**** INPUT DATA ****
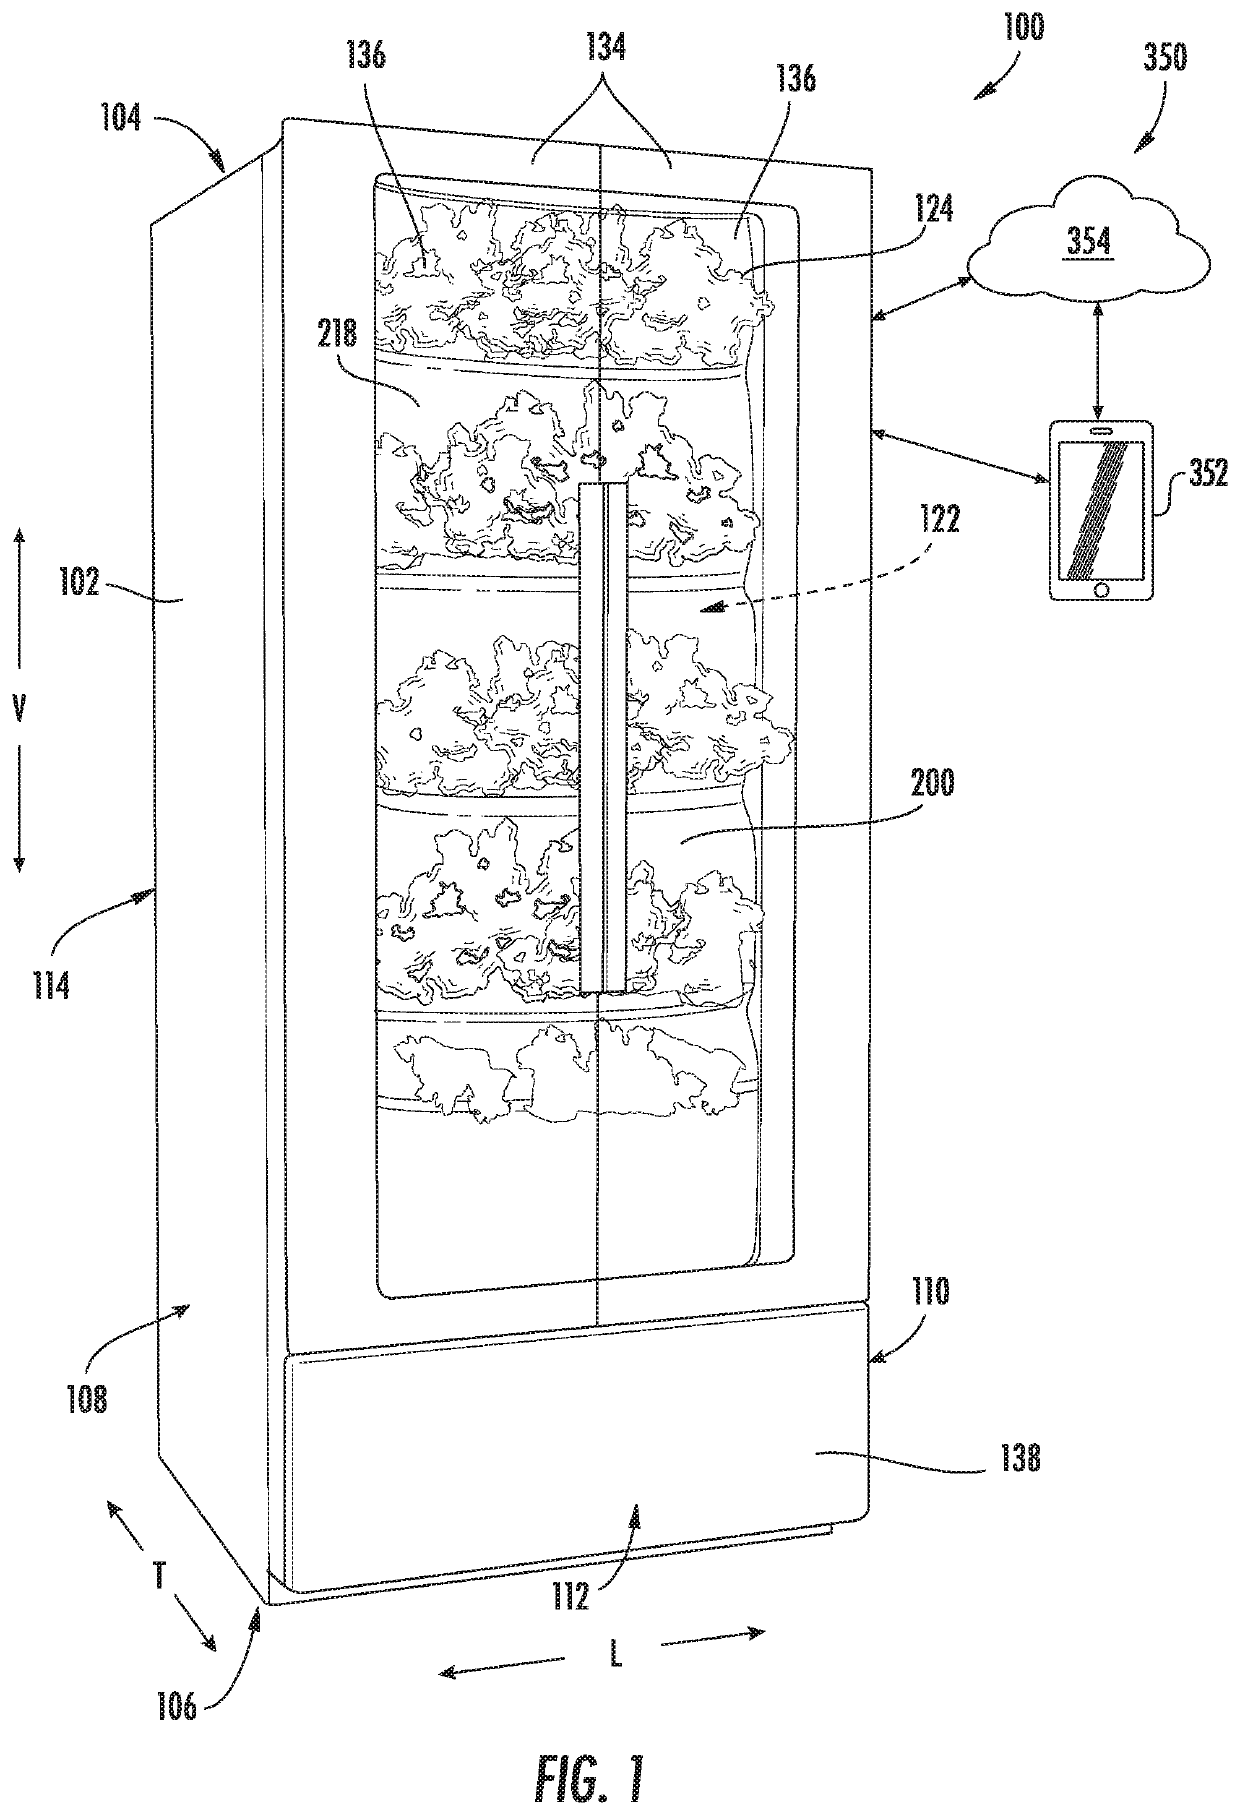 Adaptive lighting system for an indoor gardening appliance
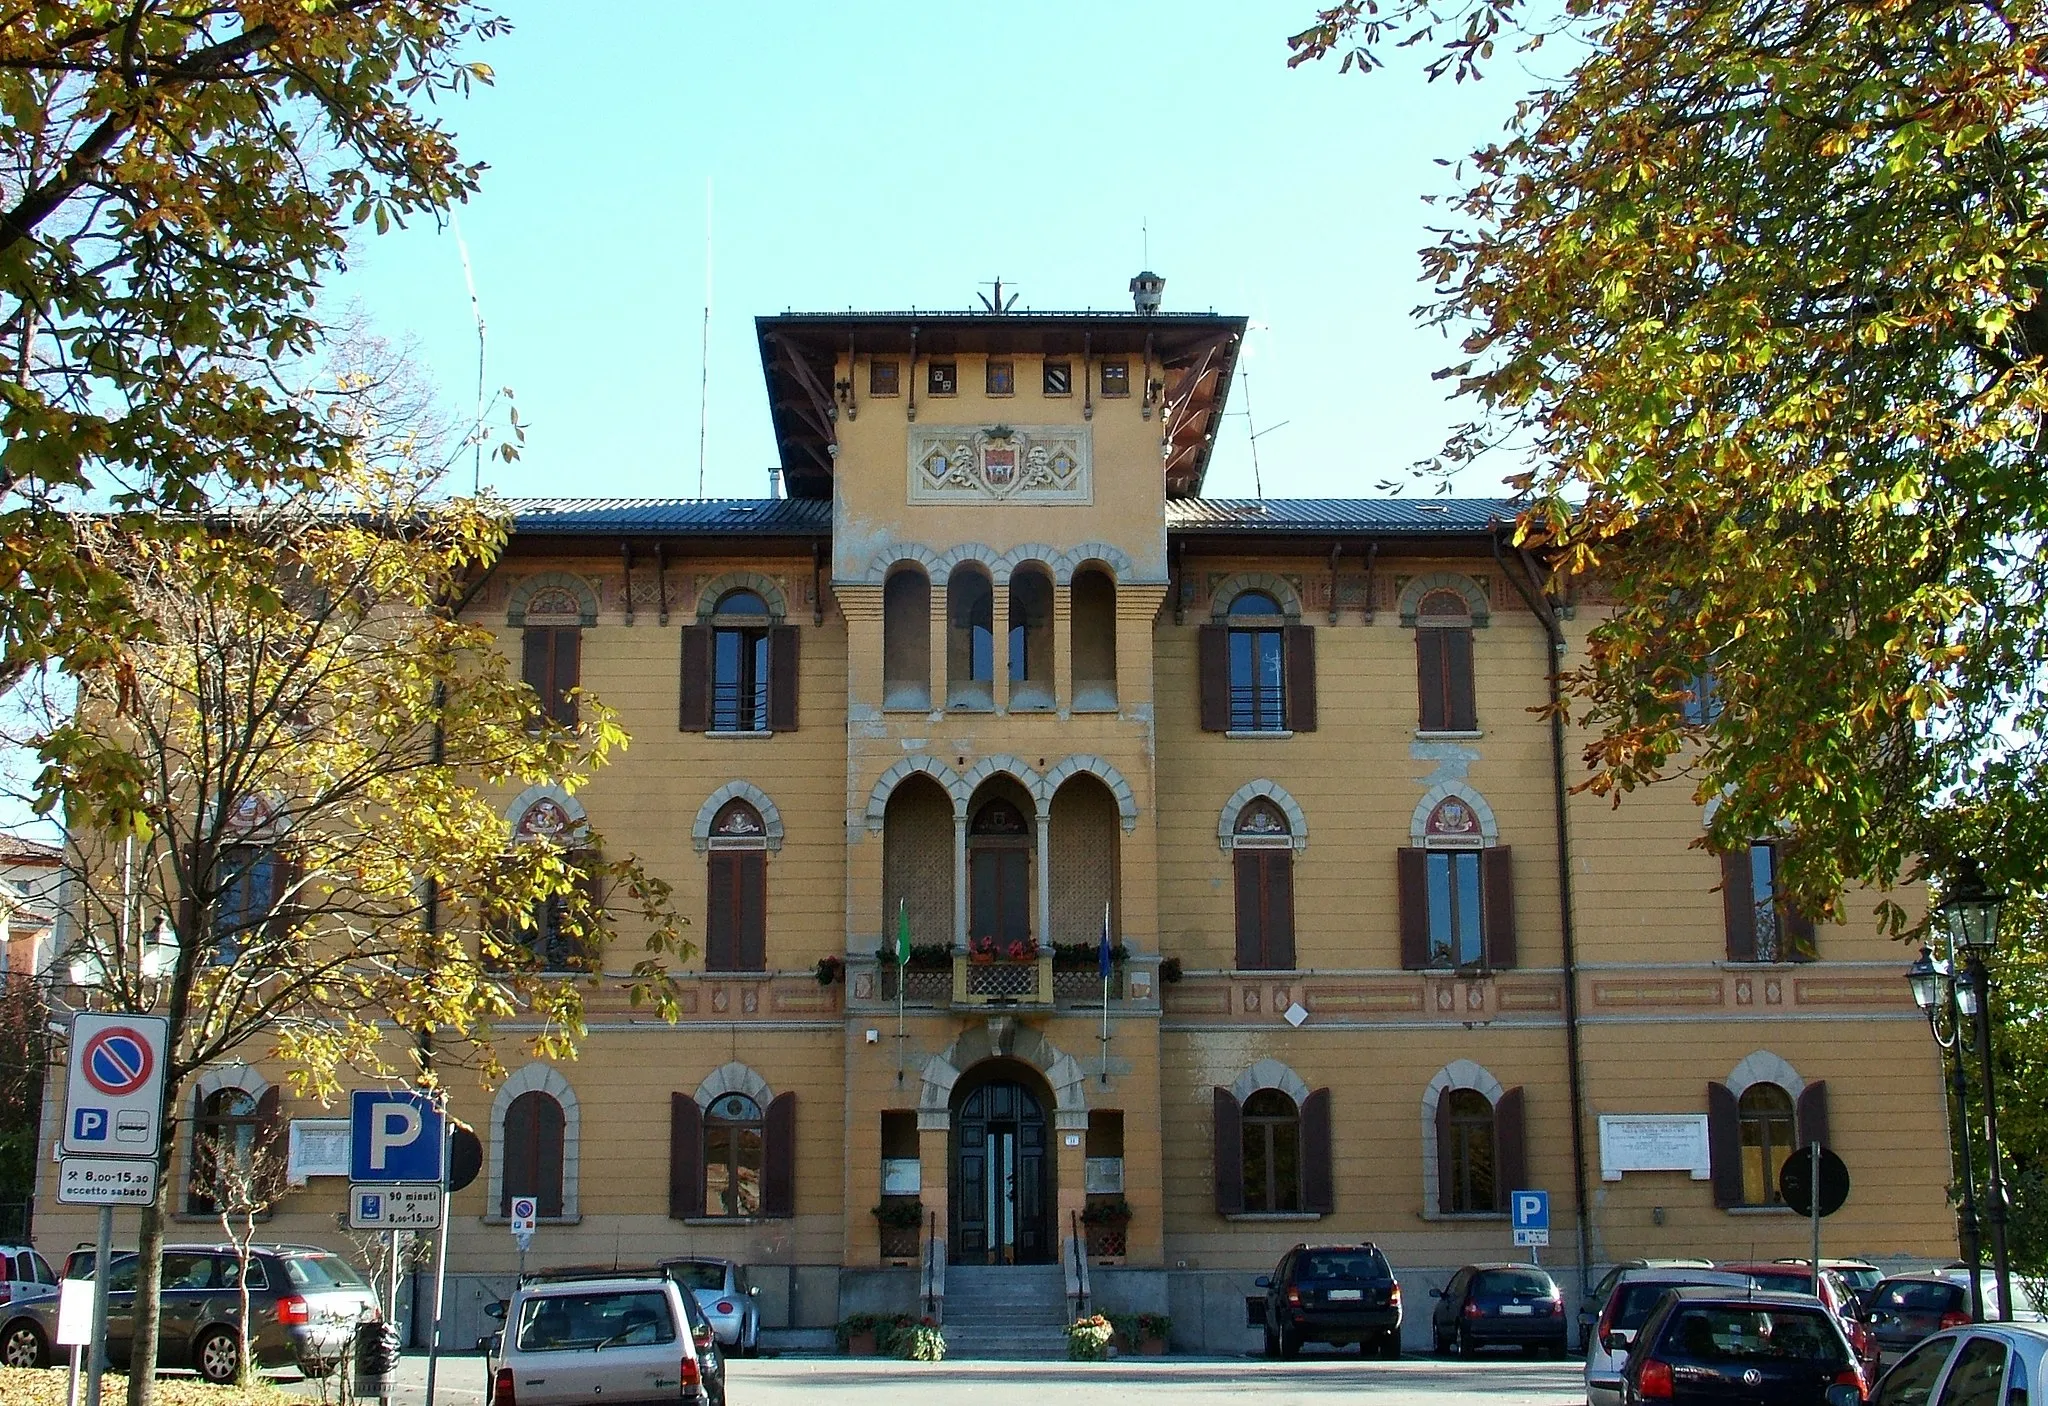 Photo showing: Italy, province of Parma, municipality of Fornovo di Taro, the Town Hall.
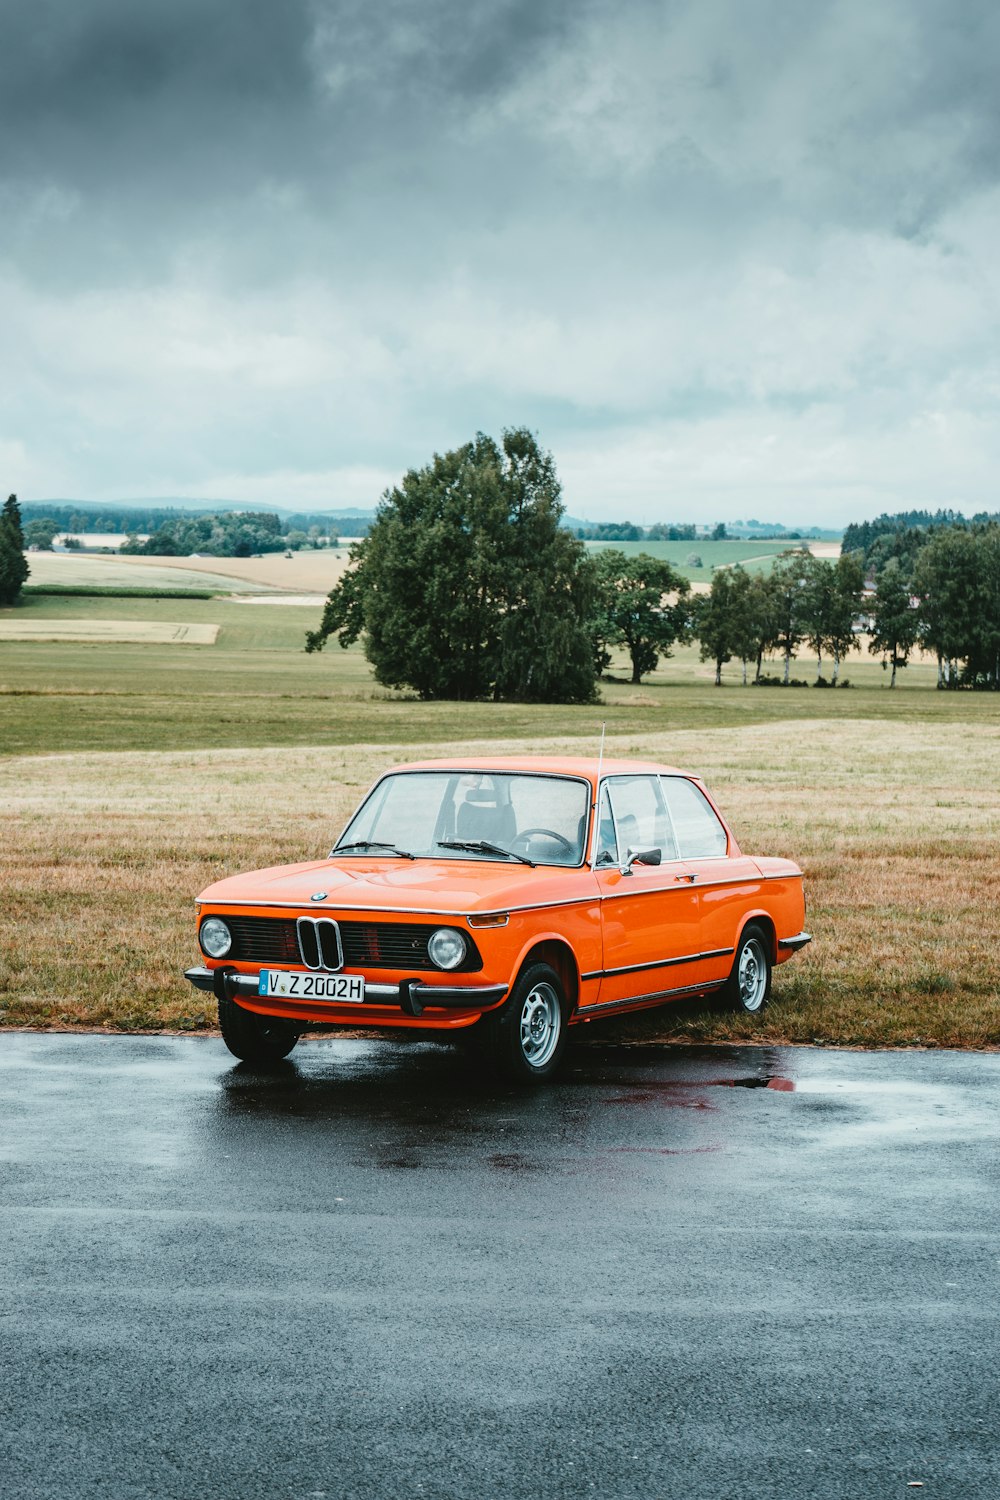 orange classic BMW coupe parked at roadside under grey cloudy sky
****
Copy out the listing exactly as it stands, but not the pictures.

 Adaptive lighting system for an indoor gardening appliance
 Photo showing: Italy, province of Parma, municipality of Fornovo di Taro, the Town Hall.
 orange classic BMW coupe parked at roadside under grey cloudy sky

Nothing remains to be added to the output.